The following year, Salis established an aircraft restoration facility and museum on the grounds, laying the foundation for the association and the airfield as home to antique airplanes. After his death in 1967, his son Jean and Jean's three sons carried on his tradition of restoration and refurbishment.
On the first day the show is open to the public, it is raining heavily. The field is one giant mud puddle. Planks have been laid across some of the areas to try to keep people from sinking up to their knees, but it's a losing battle. Almost everyone is covered in muck. The flying programs are put off until late afternoon.
Despite the wretched weather, the show brings in the same number of people it always has: roughly 30,000. Families come in droves, dragging happy kids with their faces turned upward to catch a glimpse of whichever airplane is making the loudest noise.
The Ferté Alais airshow is quintessentially French. Each day the show takes a two-hour break so that everyone can enjoy lunch-red wine, sandwiches on baguettes. And the show's announcer, Bernard Chabbert, provides commentary with a touch of lyricism. As three Stampe S.V.4s-1940s Belgian aerobatic aircraft-take to the cloudy sky, he declares, "These aircraft do not fly, they dance." When two World War II aircraft, a Morane-Saulnier 406 and a German Messerschmitt Bf 109, fly, Chabbert laments the loss of the French to the Germans during the 1940 Battle of France. The crowd is nearly silent as he points out that the French were sorely outmatched by their German counterparts, who were, nevertheless, just as young and scared as the French were.

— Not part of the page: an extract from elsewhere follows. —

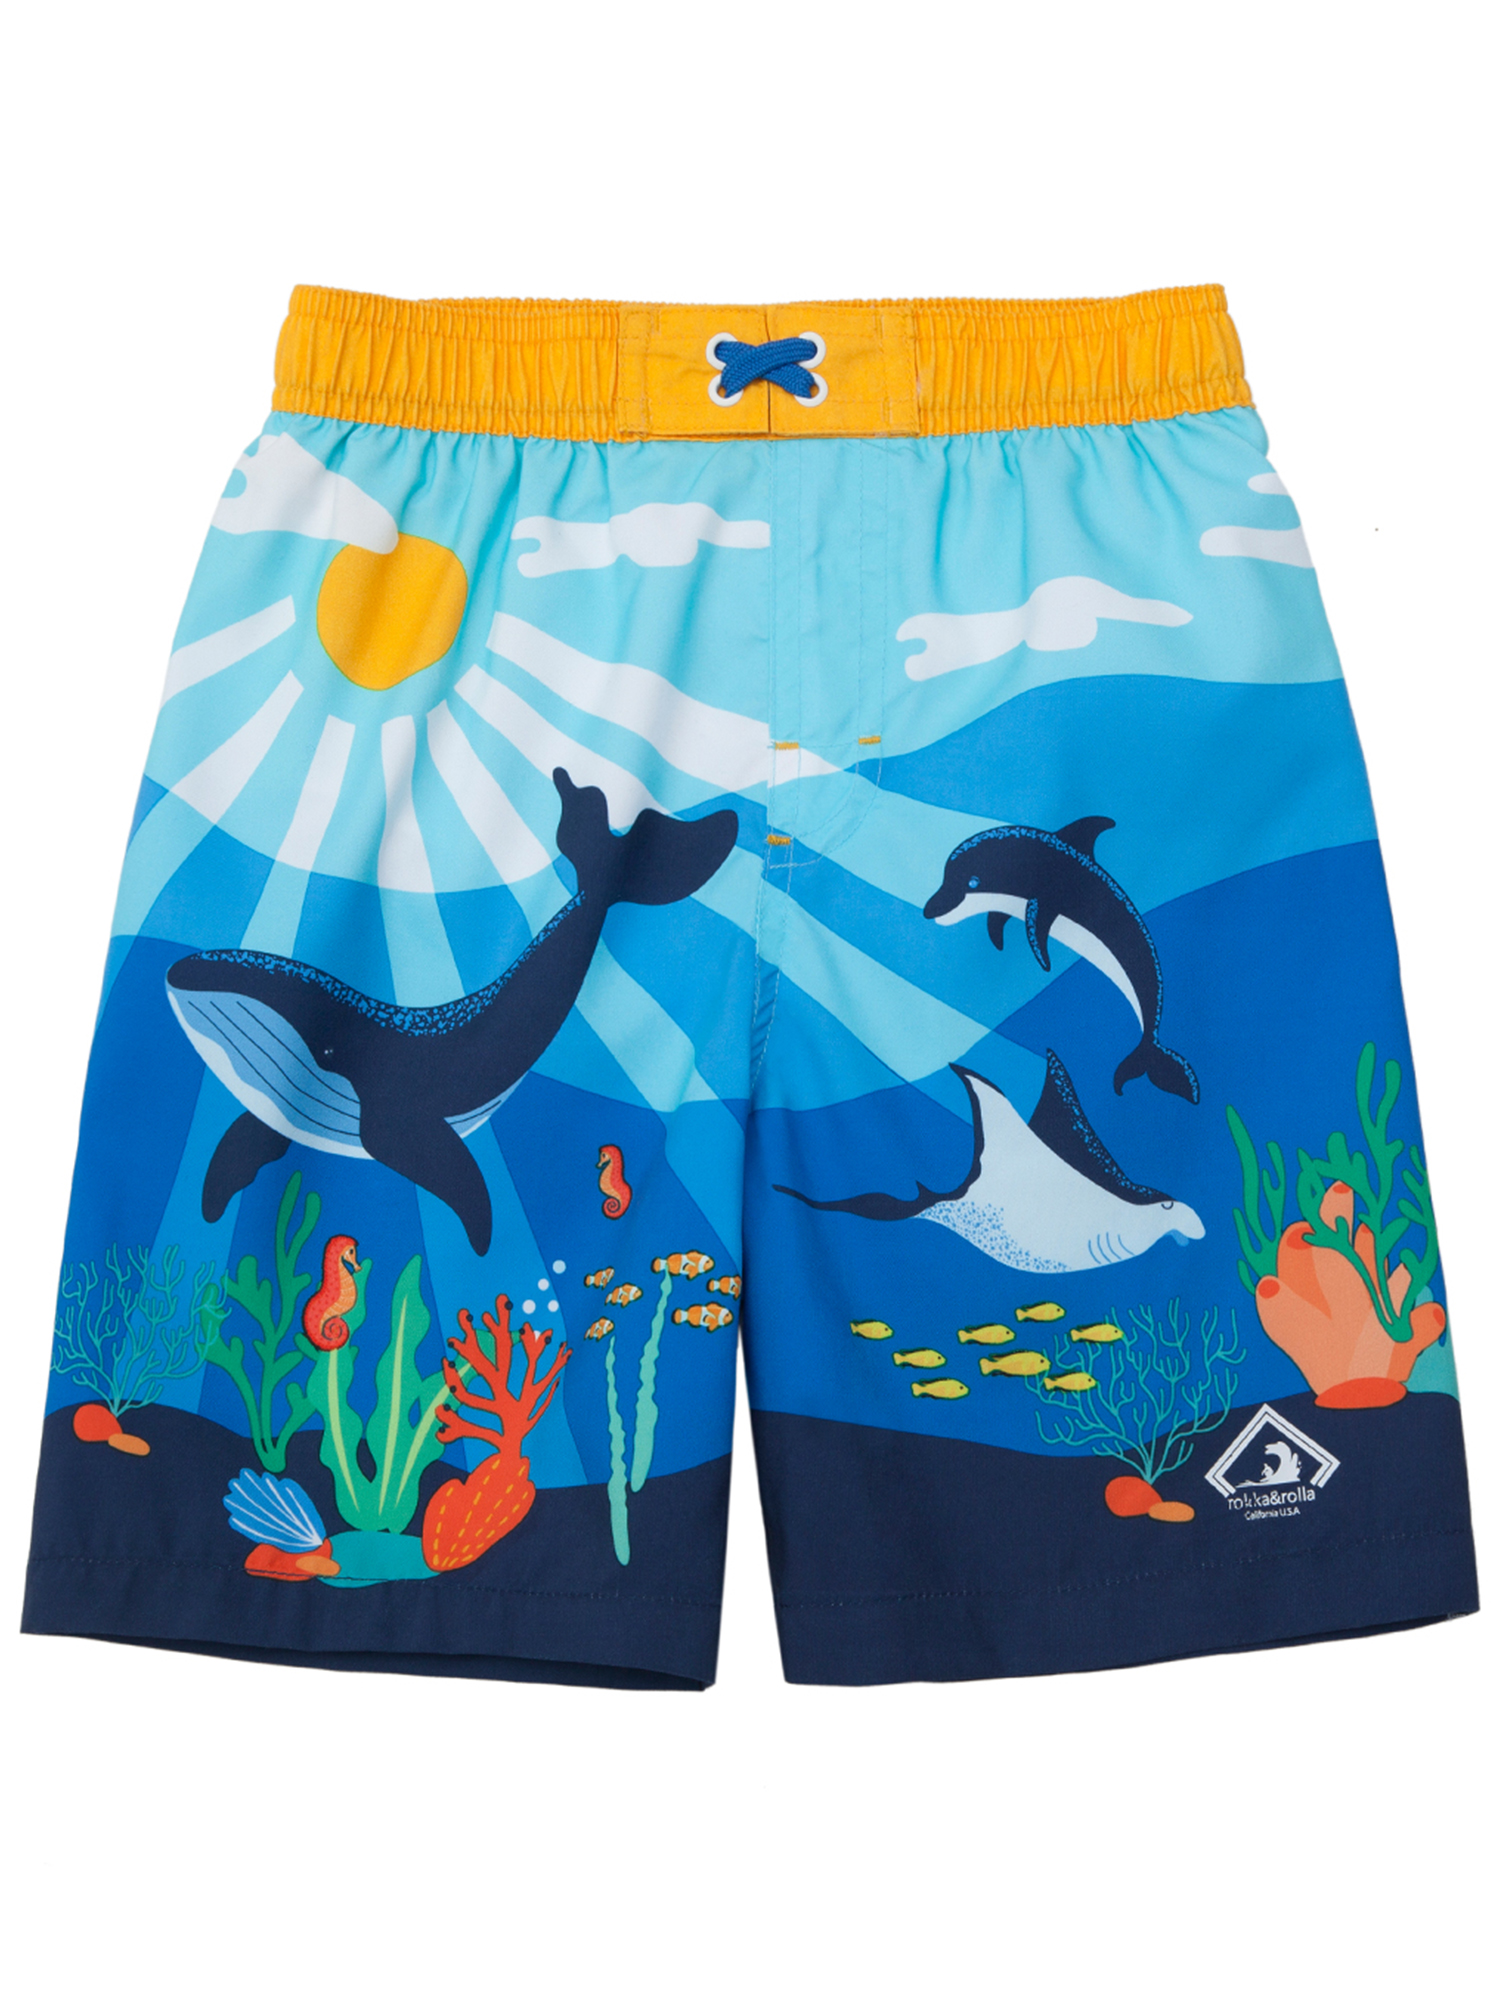 Rokka&Rolla Toddler Boys' Swim Trunks with Mesh Liner Baby Swimwear, UPF 50+ Sizes 2T-5T - image 1 of 6

Jean Salis flies a World War II Fieseler 156 Storch German reconnaissance aircraft, which Chabbert describes as floating on the air like a lazy grasshopper. The Storch is followed, incongruously, by an enormous Junkers Ju 52, which the Germans flew as both transports and bombers during the war. The Junkers manages to lumber into the sky without getting mired in the boggy grass.
Sunshine finally breaks through, and more and more aircraft line up to make demonstration flights. World War I aircraft stage dogfights, and World
War II craft reenact key moments in combat, complete with flaming bombs and low-flying P-51s. Toward the end of the show, the Mirage 2000 returns, this time looping and rolling to the Top Gun soundtrack. That display is followed by the quieter but impressive aerobatics of the Breitling Jet Team, flying six Czechoslovakian L-39 Albatros cold war trainers.
Belying the fighter pilot stereotype, the jet pilots at the show openly admire their elders and their airplanes. The 36-year-old Mirage 2000 pilot, a captain in the French air force, says that when he retires, he hopes to buy an old airplane and fly it around at shows like the guys at La Ferté Alais.
Despite the undercurrents of purism, the show has a spirit of openness and curiosity about the aircraft of other eras, other nations. Chabbert, the announcer, gets in a dig at what he perceives is a more narrow-minded aviation culture, commenting: "The Americans don't always honor the beauty of airplanes other than their own." Is he right, or just being French? Here at Cerny, the hope is that one day more Blériots and SPADs will fly at airshows in the States-or at least putter happily along the airfields there.